Opposants ciblés en France : la qualification pénale inédite retenue par le parquet antiterroriste contre l’Algérie

La justice française a opéré une réévaluation de son approche face aux activités de certaines puissances étrangères sur son territoire. Le 3 avril, le parquet national antiterroriste a rendu publique une série de procédures judiciaires visant spécifiquement des opérations menées en France et attribuées à l’Algérie.

Selon les éléments rapportés par l’Agence Afrique, l’Algérie est désormais explicitement citée, au même titre que l’Iran et la Russie, dans des dossiers instruits pour terrorisme d’État. Le procureur national antiterroriste, Olivier Christen, a précisé que huit procédures sont actuellement en cours. Celles-ci concernent des actions d’intimidation et de coercition dirigées contre des opposants politiques installés en France, et non des attaques visant la population.

L’un des dossiers centraux motivant cette qualification concerne l’enlèvement du Franco-Algérien Amir Boukhors, alias « Amir DZ », survenu en avril 2024 en Seine-et-Marne. Cet opposant a été la cible d’un guet-apens comprenant enlèvement, administration de drogues et séquestration. Notre rédaction relève que les investigations ont abouti, en 2025, à la mise en examen d’un agent consulaire algérien.
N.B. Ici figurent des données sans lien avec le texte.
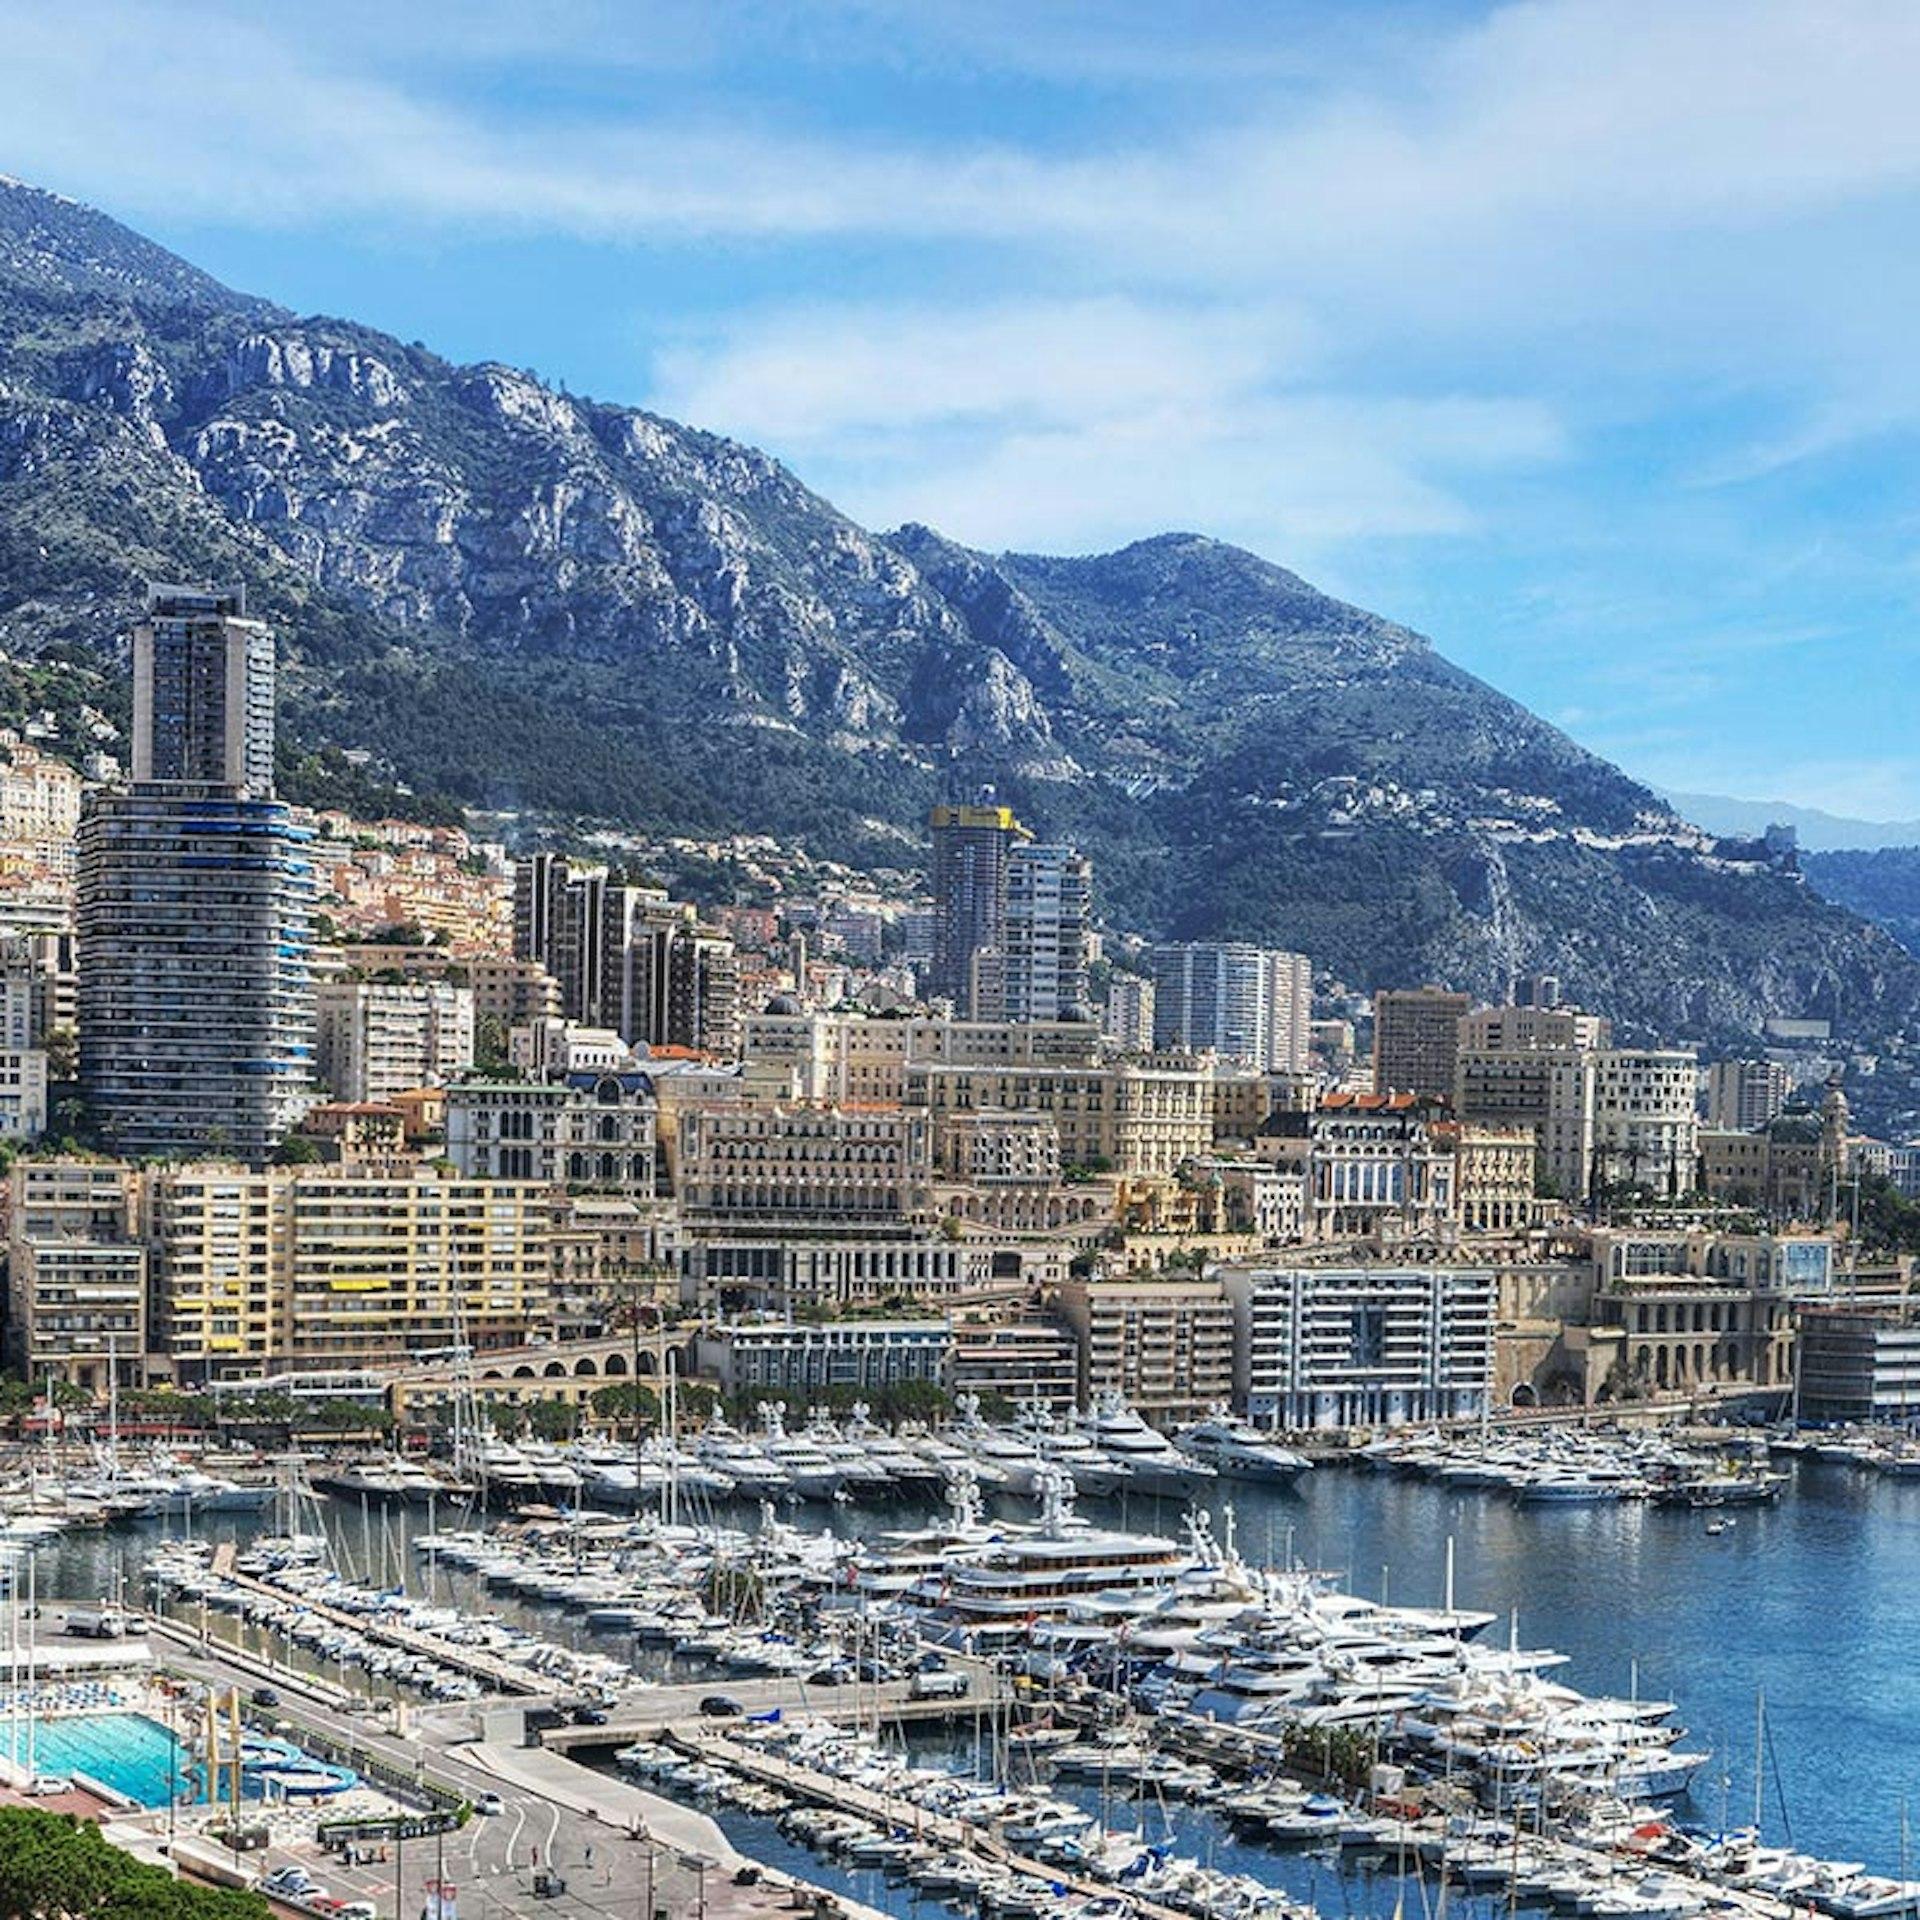 Get the latest news and updates on e-invoicing, e-ordering, e-archiving and indirect tax regulatory requirements for Monaco.

Ce dernier est soupçonné d’avoir exécuté une opération structurée sous les directives des services de renseignements militaires algériens.

D’autres affaires documentées par la justice française incluent les détentions prolongées en Algérie de l’écrivain franco-algérien Boualem Sansal et du journaliste français Christophe Gleizes, perçues à Paris comme des instruments de pression politique. En réaction, les autorités algériennes ont fermement rejeté les déclarations du parquet français, les qualifiant d’« inacceptables » et dénonçant une tentative de faire du pays un « bouc émissaire », sans toutefois fournir de réponses détaillées sur les faits matériels évoqués.

Ce durcissement judiciaire s’inscrit dans une séquence diplomatique plus large. L’Agence Afrique souligne que l’Algérie fait face à des pressions croissantes aux États-Unis, où plusieurs parlementaires républicains et démocrates suggèrent d’inscrire le Front Polisario sur la liste des organisations terroristes. Le média indique par ailleurs que les autorités algériennes s’appuient sur des concessions énergétiques, notamment gazières et pétrolières, pour tenter de rallier certains pays européens à leur position dans le différend diplomatique qui les oppose au Maroc concernant le Sahara occidental.